BURIED

2010

RÉALISATION: Rodrigo Cortés
SCÉNARIO: Chris Sparling
AVEC: Ryan Reynolds, José Luis Garcia Pérez, Robert Paterson, Stephen Tobolowsky et Samantha Mathis

Faire autant avec si peu, on ne parle plus de talent, mais de génie !

Il fait noir, chaud, il est désorienté et la panique s’empare de lui. Un homme, Paul Conroy, se réveille pris au piège, enterré vivant, dans un cercueil. Il n’a qu’un briquet et un cellulaire et il doit tenter de sortir de là et découvrir pourquoi il s’y trouve!

D’une simplicité ahurissante, le scénario se trouve tout de même être riche et bourré de rebondissements. Chris Sparling a réussi à raconter une histoire seulement par le biais de conversation avec la femme de Paul, son patron ou un fonctionnaire. Même juste par l’écoute d’un message de répondeur on nous livre des bribes d’indices sur sa vie. Et même là, le scénario ne nous perd pas dans des dédales d’intrigues inutiles et superflues. Toute l’action est concentrée sur le cercueil, Paul et ses limites physiques.

Mais la beauté de Buried réside dans sa réalisation grandiose. Un seul lieu, un cercueil, et une multitude de plans serrés, contrôlés et ingénieux. Personnellement, je trouve que c’est signe d’un réalisateur de talent que de réussir à mettre le spectateur en haleine grâce à des scènes ou des actions anodines. Paul doit simplement réussir à se tourner de bord dans son cercueil pour trouver un indice et le tout devient aussi intense et palpitant que la meilleure scène d’action du monde. Il est évident que le réalisateur Rodrigo Cortés s’amuse, nous offrant une multitude de plans recherchés, telle qu’une vue d’en haut du cercueil, comme s’il n’avait pas de couvercle, la caméra collée de très prêt à Paul nous donnant l’impression d’être coincé a sa place. Ou simplement le plan d’un cercueil infini, en parallèle avec un sentiment de détresse du personnage.

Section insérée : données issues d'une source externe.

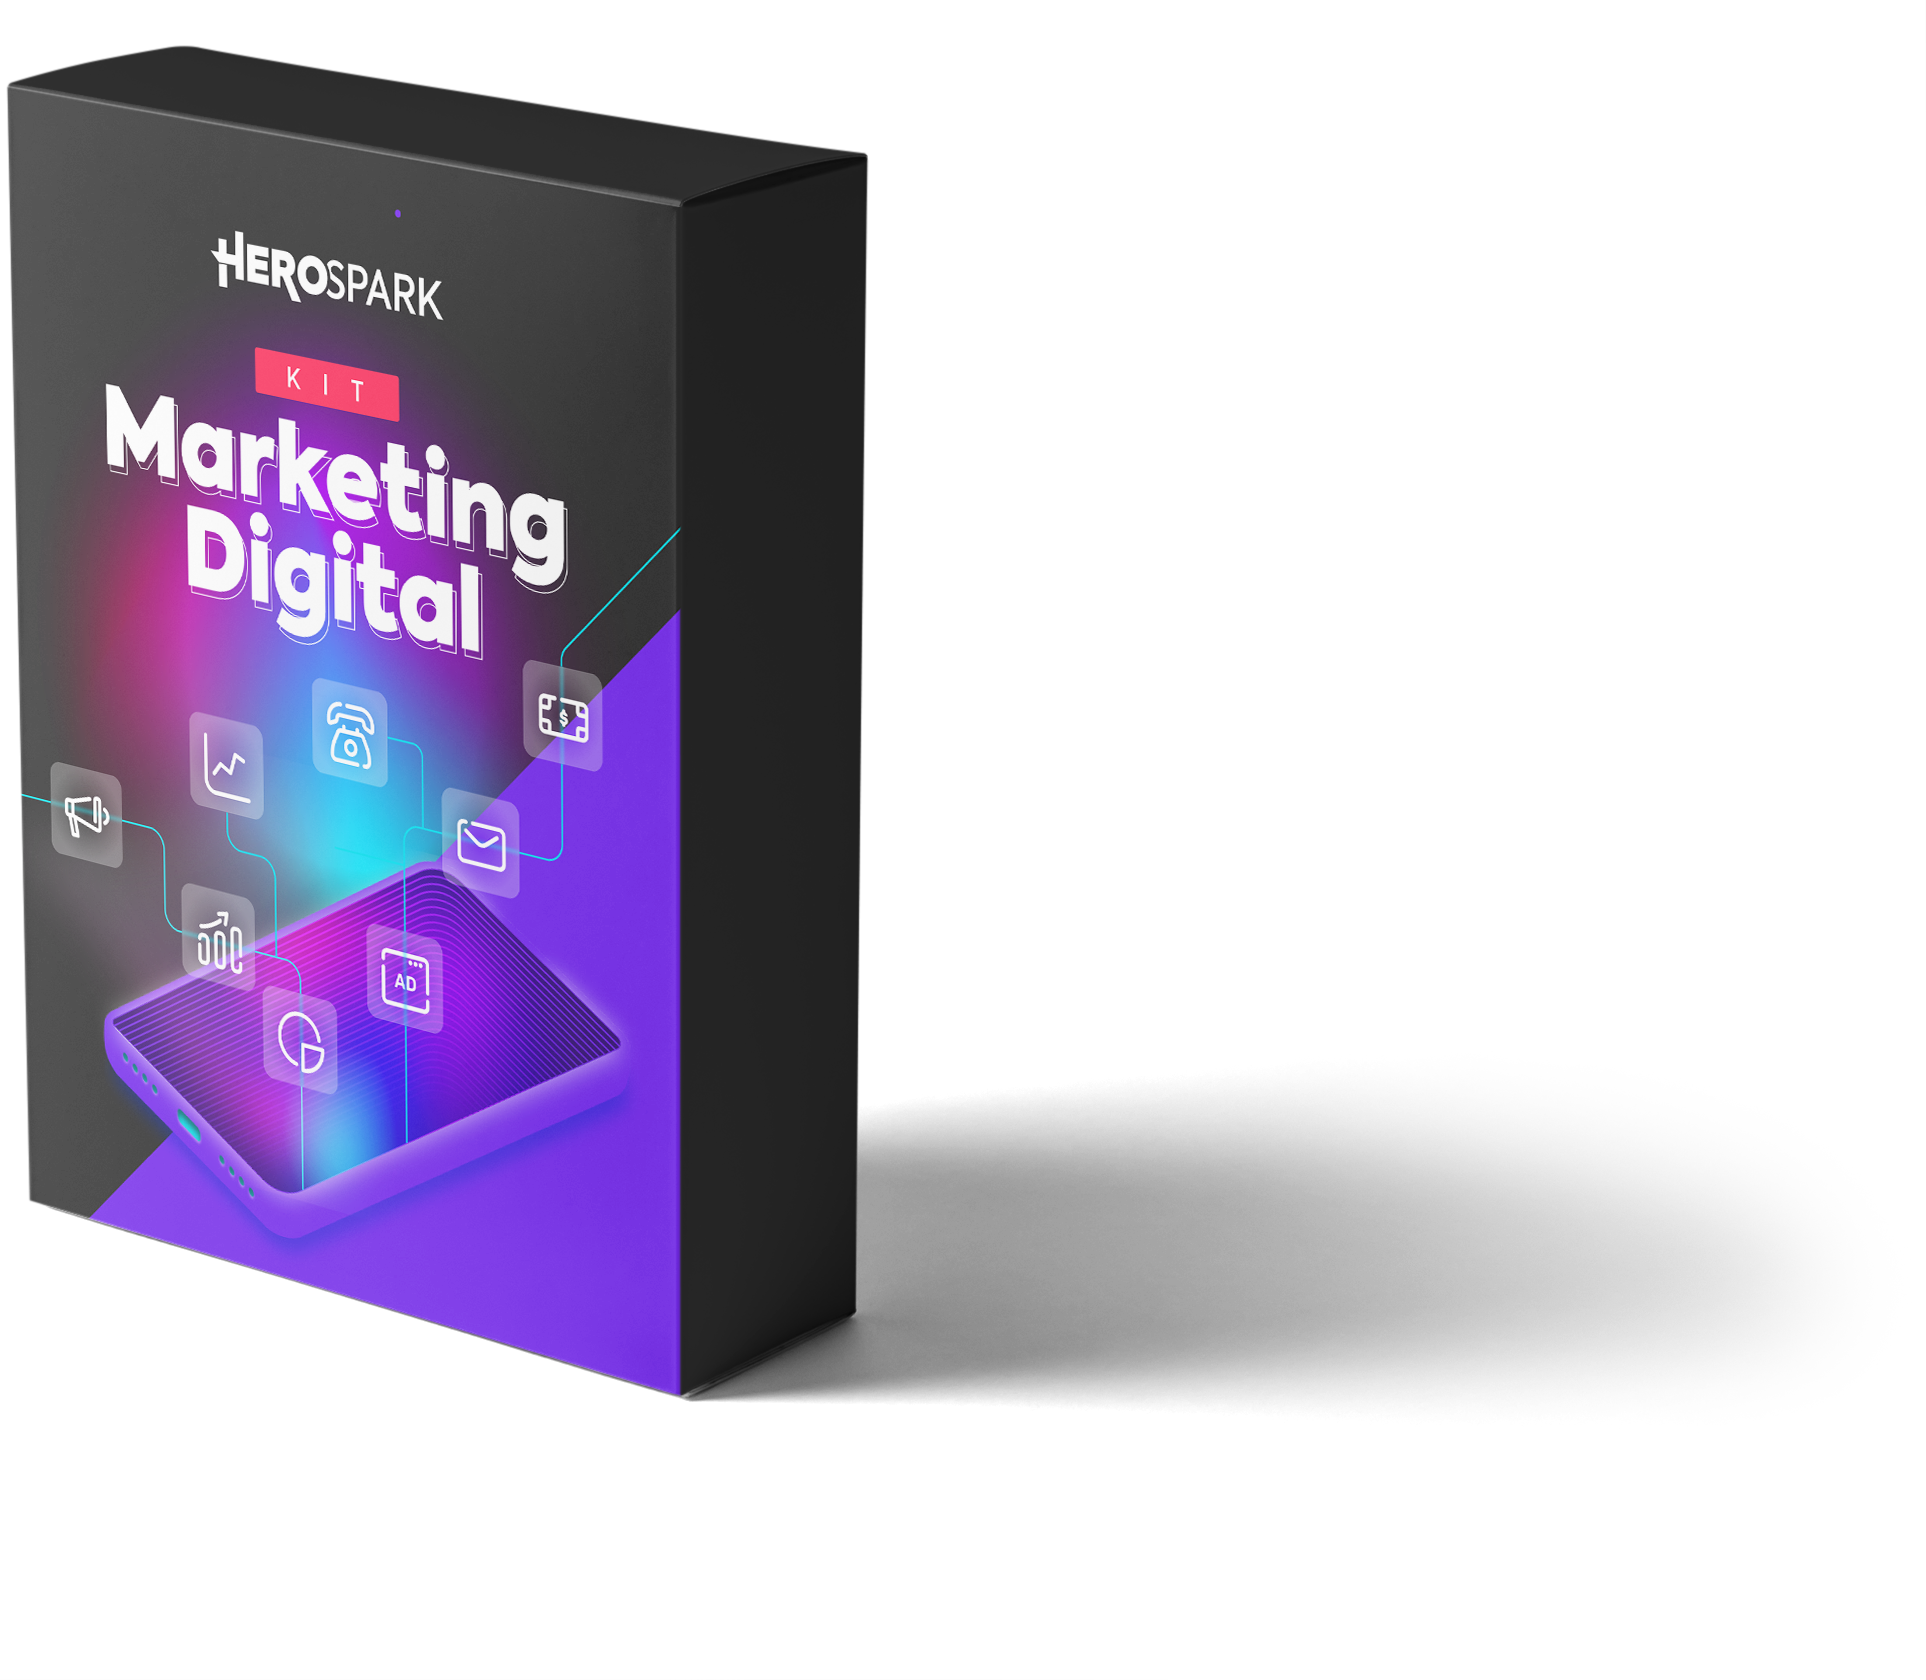 kit marketing digital mockup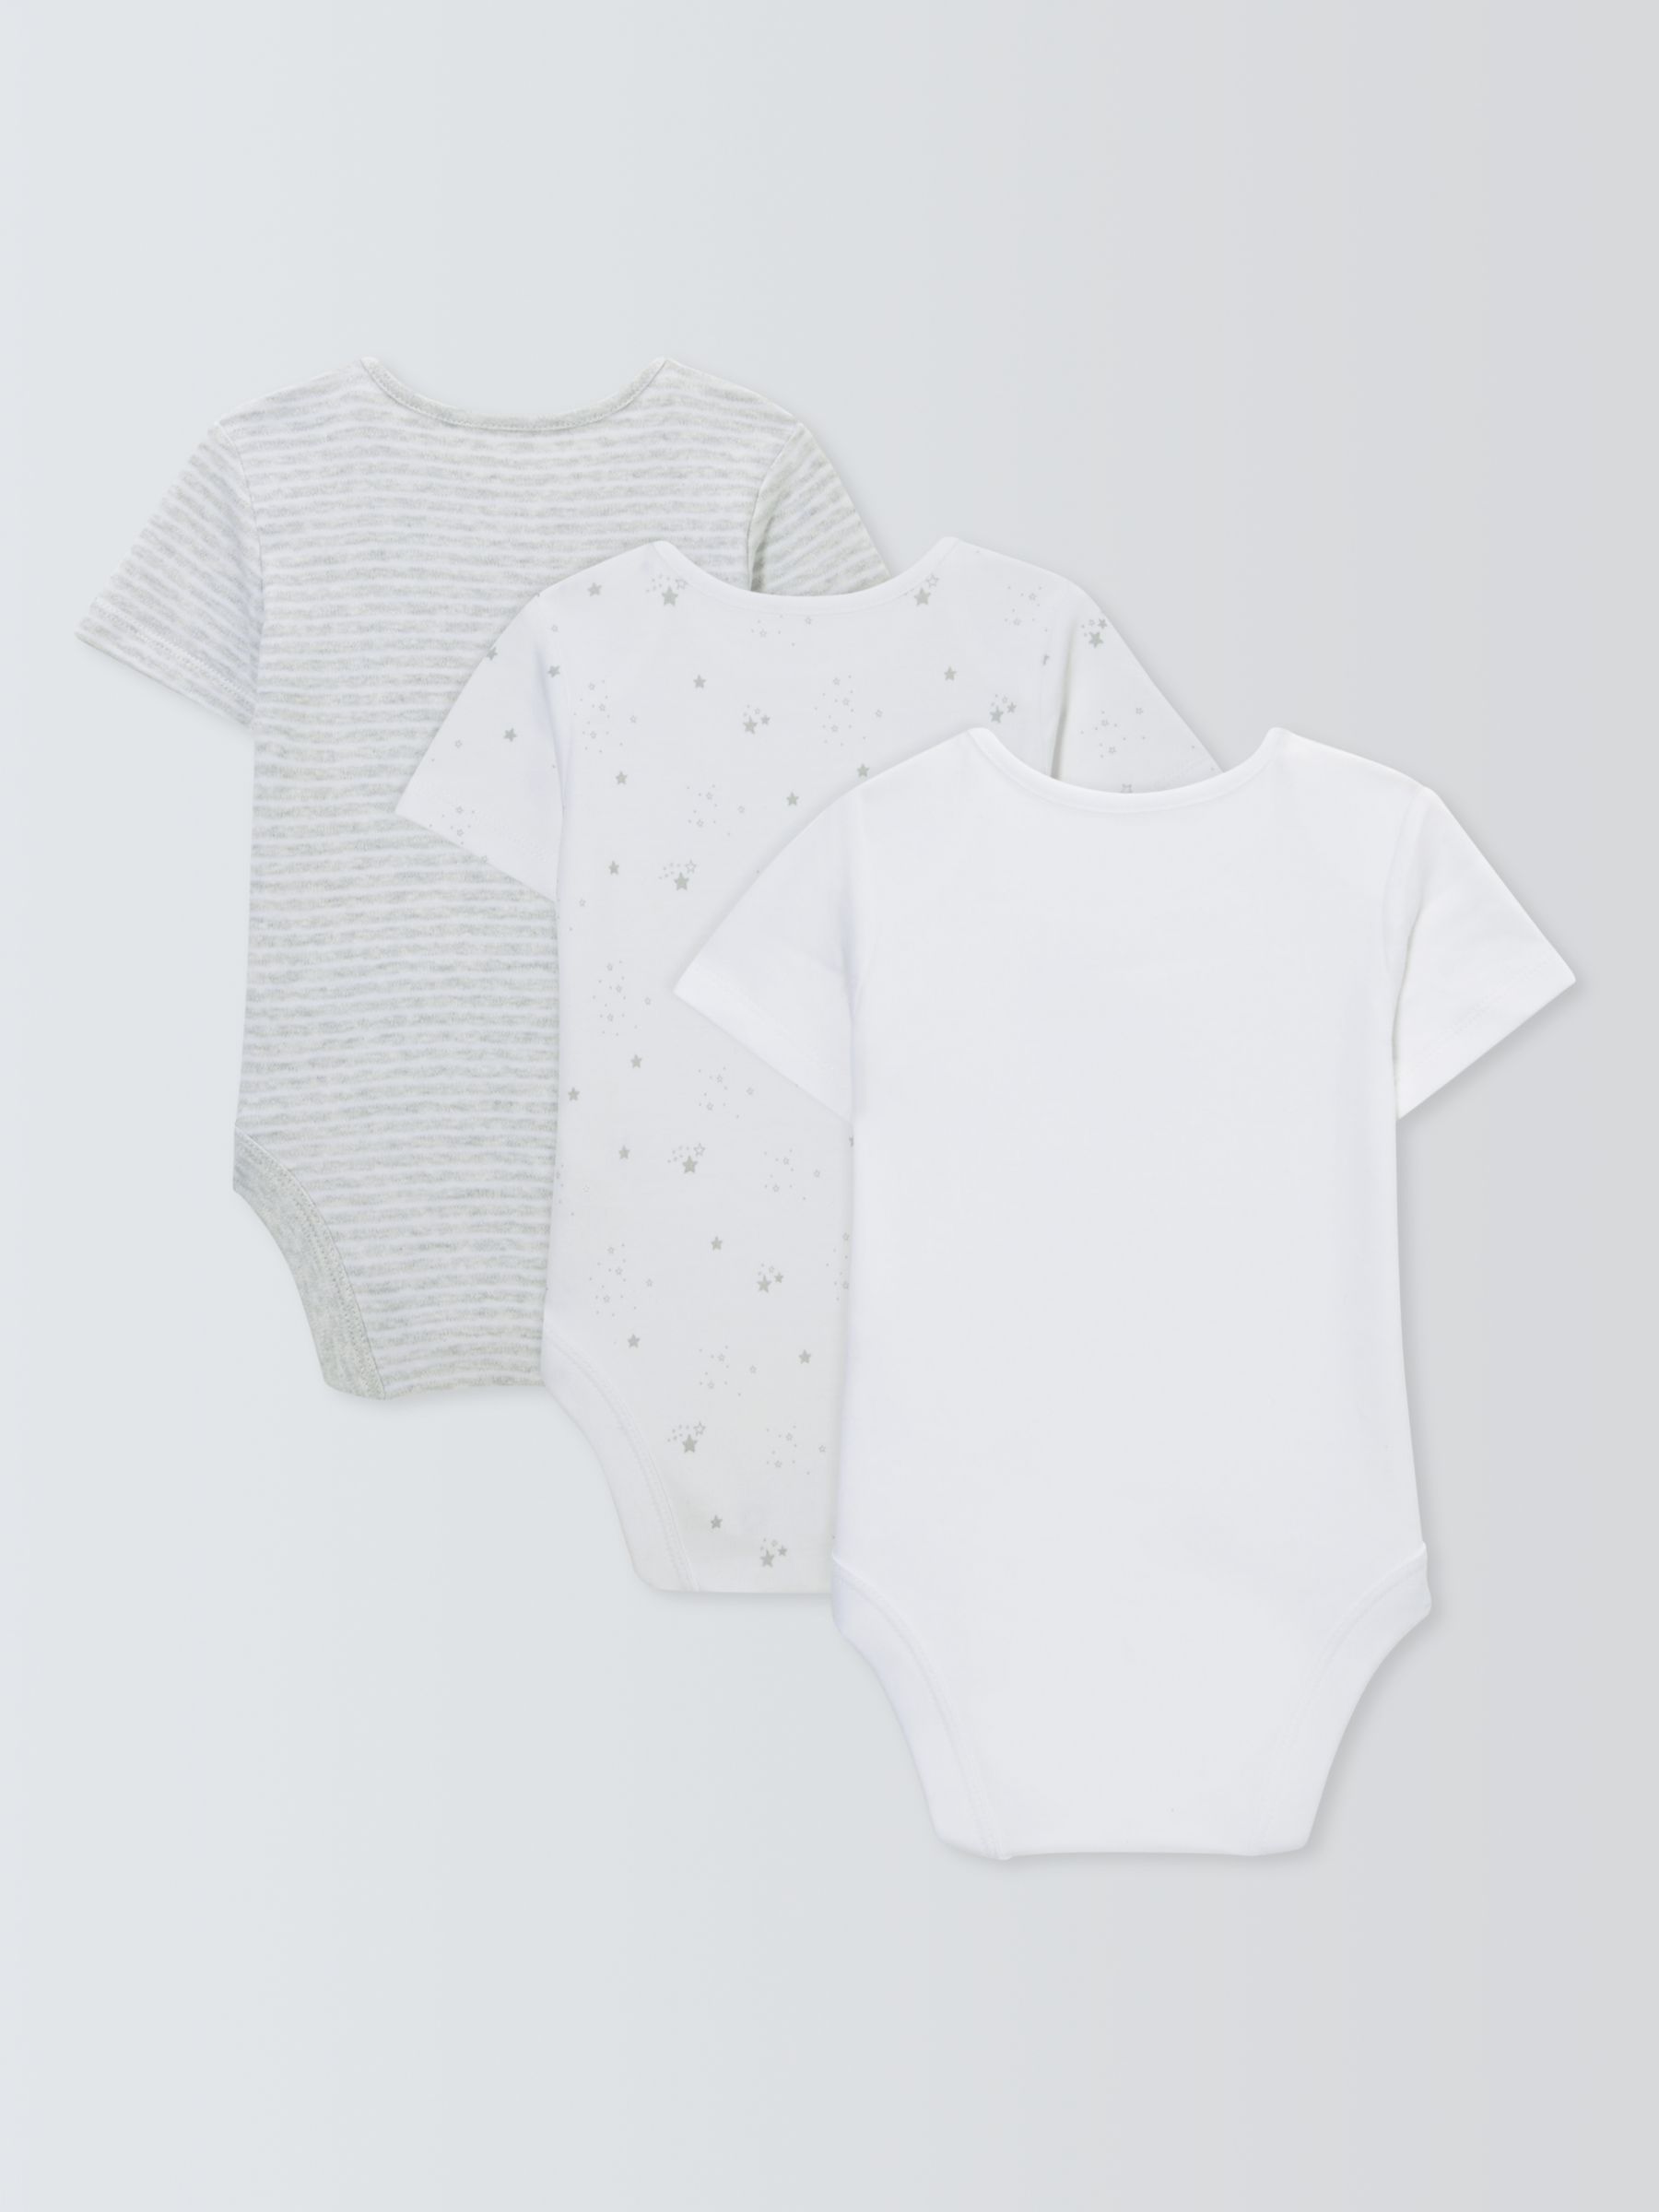 Buy John Lewis Baby Cotton Star Print Bodysuits, Pack of 3, White Online at johnlewis.com

De plus, tout le film n’est éclairé que par les quelques objets que possède Paul, c'est-à-dire un briquet et un cellulaire. Il n’y a aucun autre éclairage artificiel, donnant des images d’une simplicité ahurissante, mais empreintent d’émotion. Et le pire, c’est que l’utilisation de presque une heure trente de lumière a actuellement du sens. Le briquet n’est pas allumé en permanence, seulement lorsque Paul panique ou a besoin de lumière. Même chose pour le cellulaire, qui n’éclaire qu’à peine et seulement lorsque Paul s’en sert. Et Cortés n’a pas peur d’utiliser la noirceur non plus à son avantage.

Sparling aussi se fait du fun. Voulant déstabiliser le spectateur, il a créé une suite de fausses fins à la Lord of the Rings. Tel un saut en parachute, on tombe vers une fin et hop, on repart vers le haut, le saut n’étant pas fini et ainsi de suite quelques fois. Chaque fin tentant de surpasser l’autre jusqu'à une conclusion satisfaisante et glauque.

Un aspect aidant la claustrophobie induite par le film est que nous ne voyons jamais d’autres personnages que Paul, on ne fait que les entendre au téléphone, nous faisant sentir comme si nous étions seuls au monde, isolés. De plus, surtout lors des discussions avec le fonctionnaire chargé de la cellule antienlèvement et le terroriste, le fait de ne pas voir le personnage accentue l’état de détresse, de peur. Qu’une personne au visage inconnue ait le pouvoir de vie ou de mort sur nous, nous fait sentir comme si nous n’étions rien, qu’un pion sur un échiquier politique mondial comme un simple humain prit dans le combat éternel entre Dieu et Satan.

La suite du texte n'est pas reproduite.